Soran counted down the seconds, though he only managed to reach two before deciding his perception was lethally inadequate. Disengaging his mag locks, he fell free of the skiffer and hurtled down toward the vast expanse of a shimmering lake.
This is going to hurt. A realization that would have served Soran better while still attached to the skiffer. He fumbled with his Holo-con, inputting a rapid sequence of commands to which his suit responded. With a swift whoosh of swallowed sky, the suit inflated with a layer of air between his fragile body and the Nanofibre skin. He collided with the unforgiving surface of the water, skipping like a stone and rolling over the lush lawn of freshly trimmed grass into an awaiting hedge. Onlookers were stunned by the intrusive entrance of the flying man, a more uncouth manner of entering the gardens their noble minds could not conceive.
"Ughah," Soran managed a vague exhalation, followed by a series of grunts and wheezes insufficient to express the extent of his regret. He wished to go back a few hours to when he could barely feel his body at all, never mind every nerve screaming at him for his ill-thought escape. His suit deflated, once again hugging his frail and aching bones, of which, fortunately, none were broken.
With no time to lick his wounds, he pulled himself to his feet and made off into a dense gathering of maple trees that wrapped the station in a leafy cloak. His Holo-con bleeped with a notification. The daring stunt landed him less than a kilometer from Tugg's location. All that was left was to avoid the pirate patrols, which, due to his theatrics, would be redoubled and redoubled again.

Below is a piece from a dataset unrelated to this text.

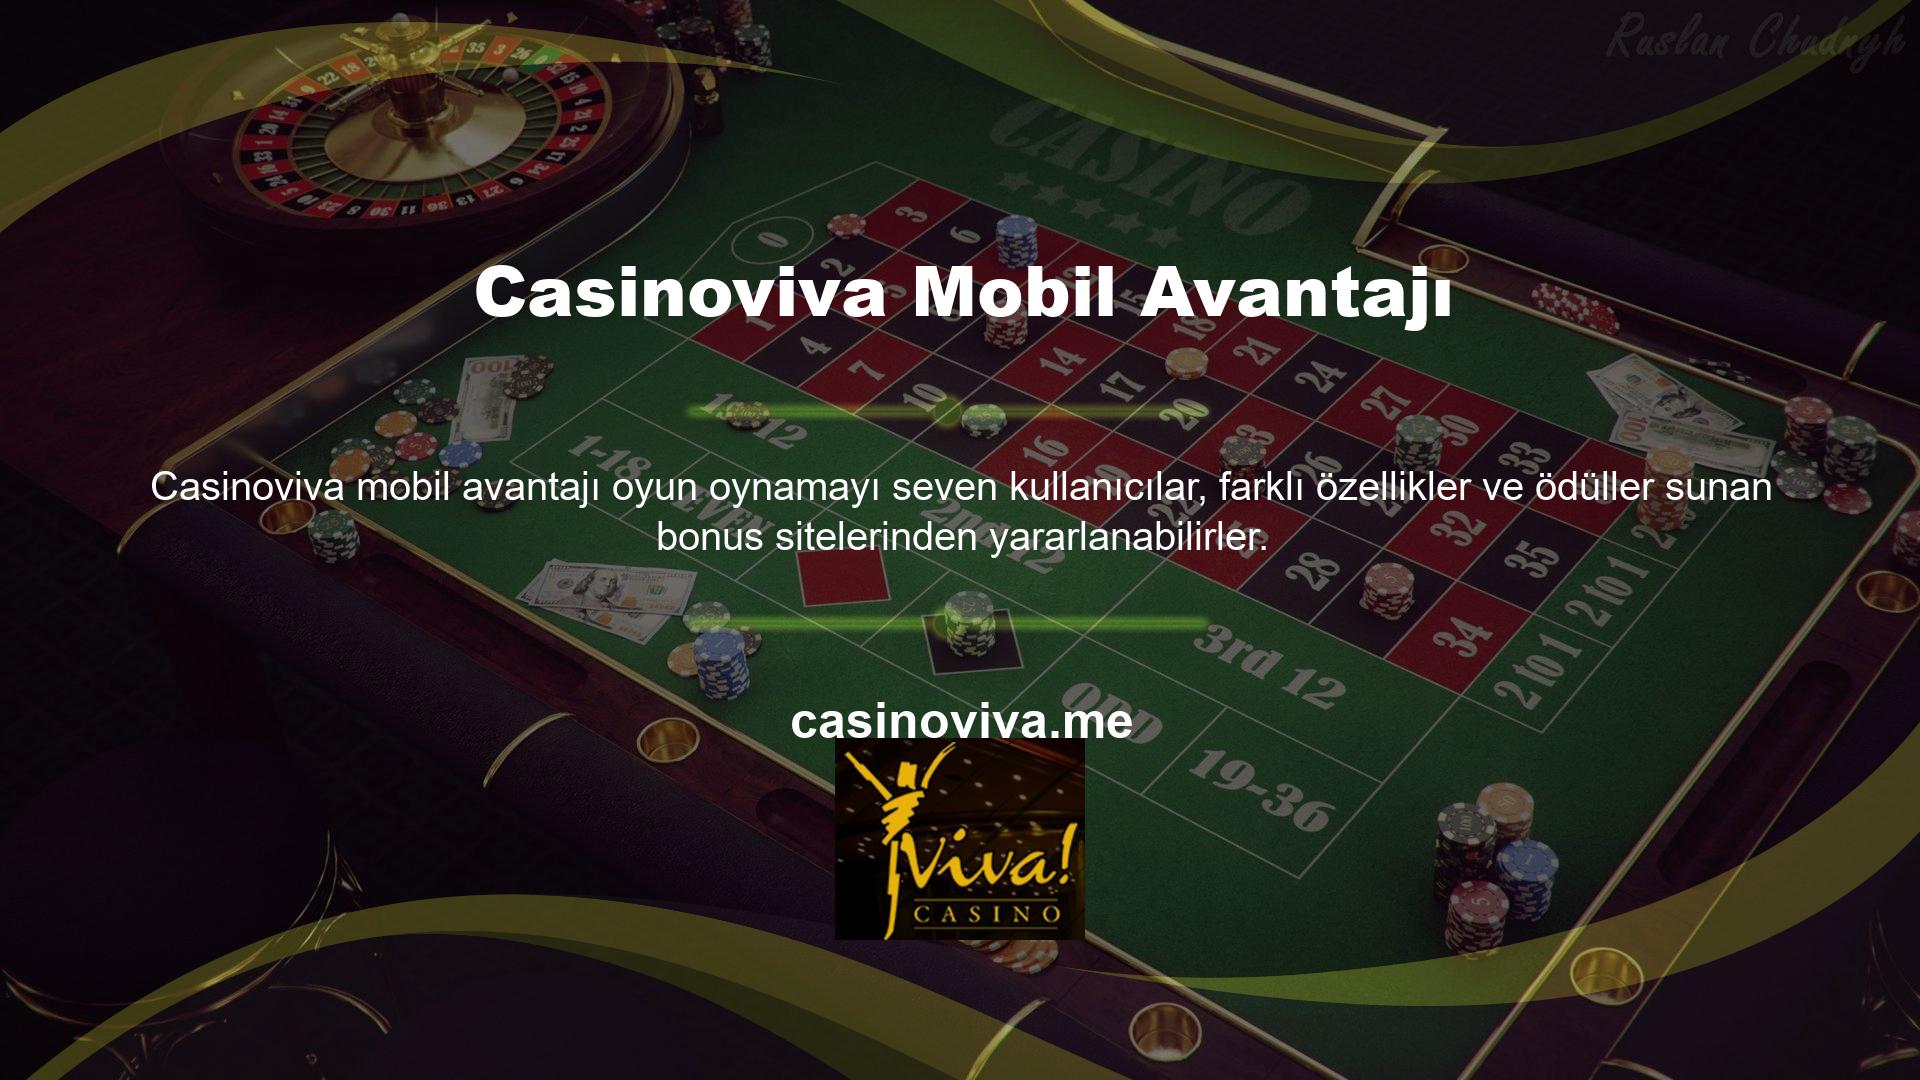 Bu avantajlara ek olarak kullanıcılar Casinoviva hiçbir ücret ödemeden bahis oynayabilir mi? Ödül sitesi kullanıcılarına sadece ödül kazanma olanağı sağlamakla kalmıyor, aynı zamanda kendi web siteleri üzerinden de ödül kazanma fırsatını sunuyor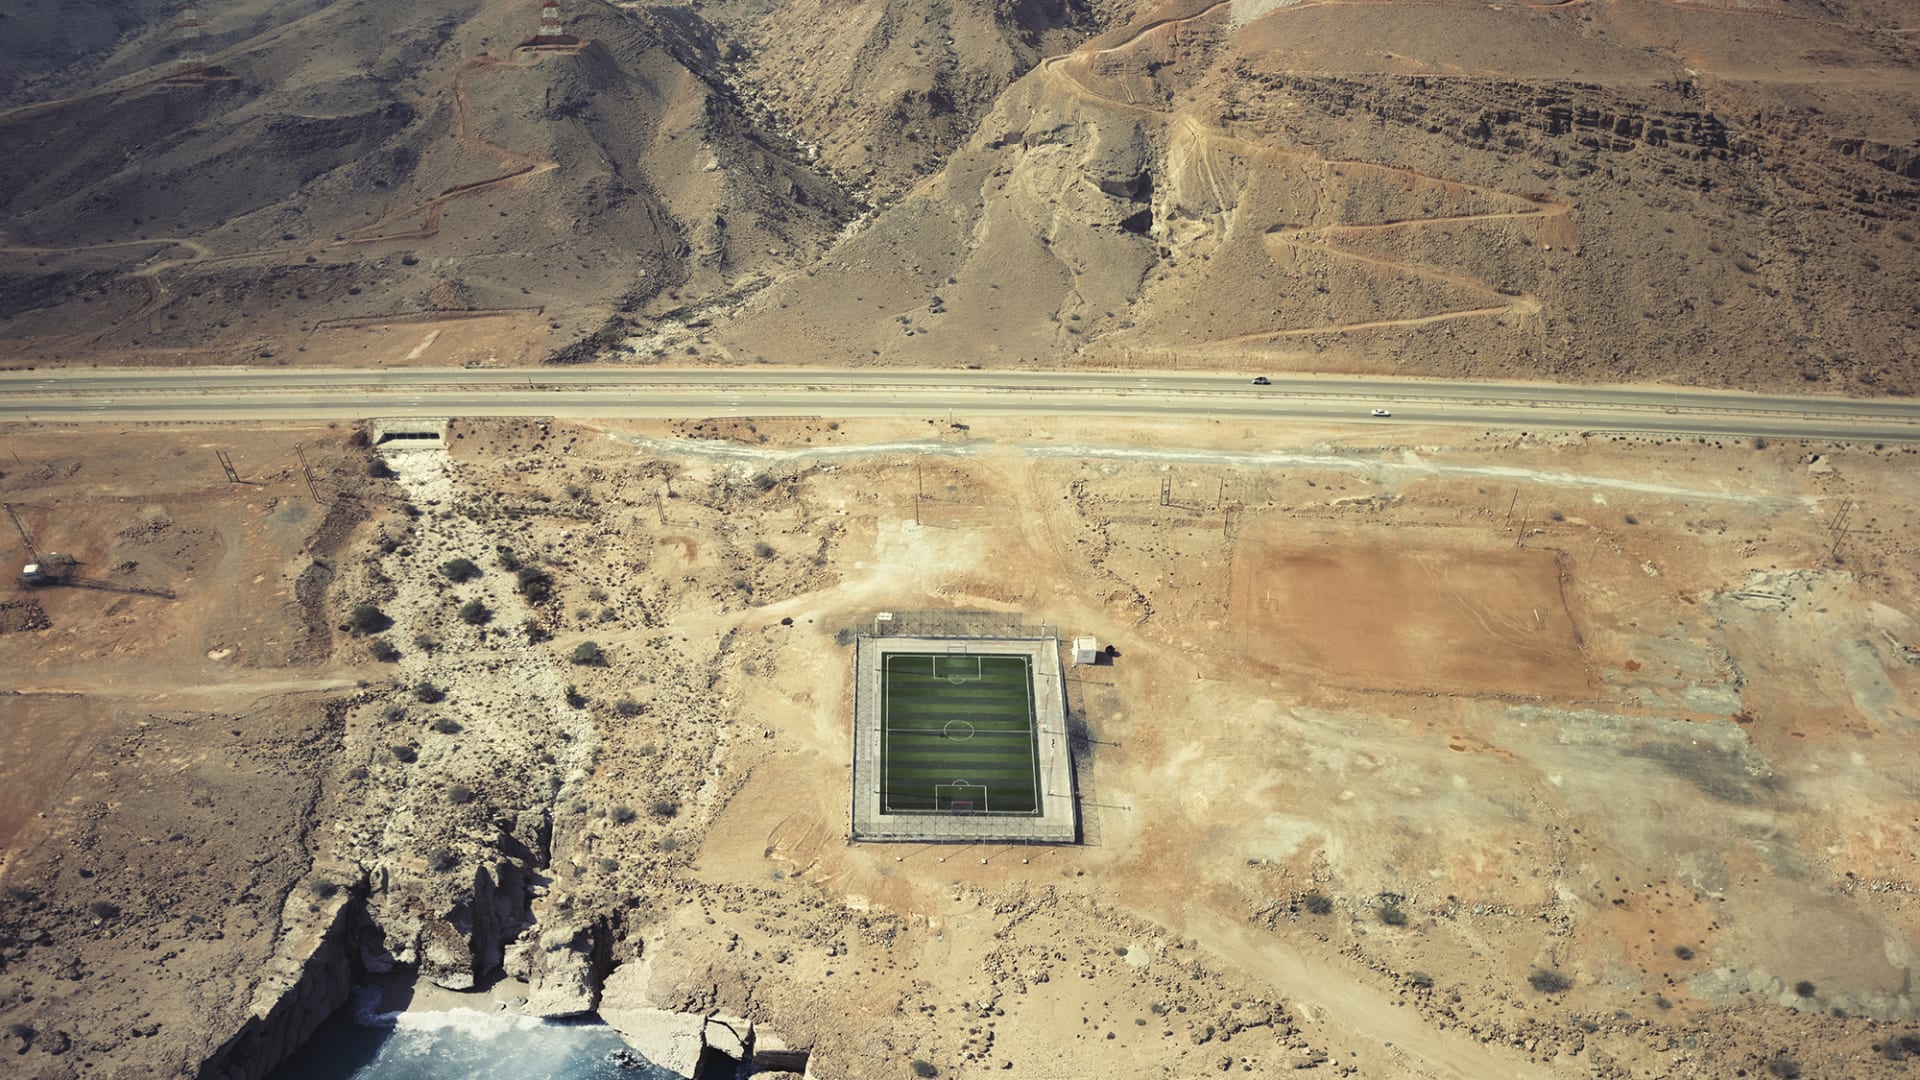 حقيقة أم "فوتوشوب"..ملعب كرة قدم مخبأ وسط الطبيعة يثير الحيرة في سلطنة عمان

Balancing on a nearby trunk, Soran keeled over, heaving a generous helping of oily liquid into the dirt. The Sarchogoroth's vile sustenance still slithered within him, unwilling to vacate its host of its own accord. A venomous geography of bruising pulsed beneath the Nanofibre, betraying considerable damage. He hoped that Tugg's company hosted a doctor among its ranks or that his Accran accomplice had grown friendly with another Vrell during his travels. El's face appeared as Soran had last seen her: Achromatic and frail, a terror in her eyes he wanted to wrench from her heart, stealing it away, freeing her of burden.
Just a little longer. I promise.
As long as they still lived, he would never stop trying.